Modern MMO's are far more accessible which has a direct impact longevity. Players reach end game and level cap way too fast. The first batch of MMO's required massive amounts of time to reach either....and while time-sinks, hell levels, corpse runs, extremely limited fast travel and death penalties all suck, what they gave those games was longevity and difficulty. It took a long time to do a lot of things. But in fixing what was terrible about all those mechanics, the pendulum swung too far wide in the other direction. Players now burn through content at a rate much faster than companies can keep pace with.
Instancing has also been a blessing and curse.
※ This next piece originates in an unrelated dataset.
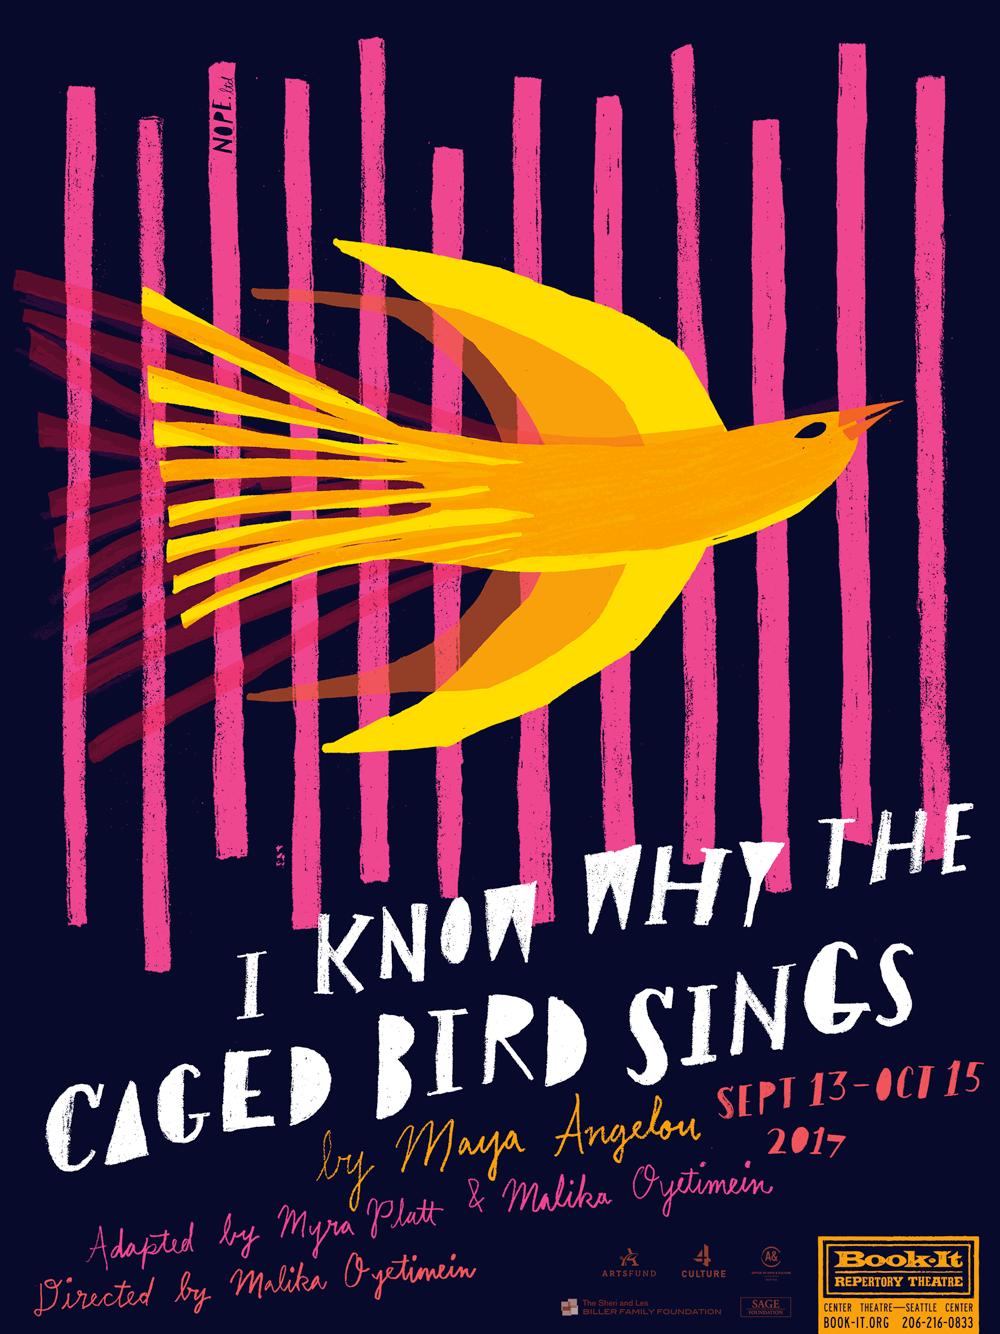 Caged-Bird-1000

One one hand, spawn camping and racing SUCKS, but instancing lost a bit of that 'Massively' magic and cut groups of players off from the rest of the world.
For a long time Blizzard walked this balance with WoW and built a sub base that was unimaginable, but over time, the game began to take shortcuts and started shifting the direction of the game that had longer term effects on longevity (but continued having immediate big subscriber growth), impacting both the games economy, class balance, and itemization in ways that would be hard to repair but the effects of which would manifest slowly over time. Looking at WoW during Vanilla/BC and then again at Cata/Mists, you can clearly see the internal vision shift in many areas of the game. Blizzard redefined the MMO genre and re-wrote the rule book for what a successful and well built next-gen title should look like, but my opinion is that they began to lose their way a bit and what the game has evolved into has become challenging for the company to keep pace with even in the case of casual gamers. The content consumption churn is just too fast.
This shouldn't be taken as a sleight against WoW or the team that built and maintain it. WoW is a good game, and what Blizzard did was damn hard. That doesn't mean there are not lessons learned that we can reflect on and understand not only what made the game the success it is, but also understand some of the areas where things went a bit sideways and mis-steps were made.
Has the MMORPG genre peaked? Yes and No. Its evolved. There is still a lot of money being made from it, and it certainly isn't going away any time soon. That being said, the modern MMORPG player would not be a fan of the classic MMORPG. That type of game has died. The model that Everquest and UO were built on is dead, and in some ways, the model that WoW was built on is dying now.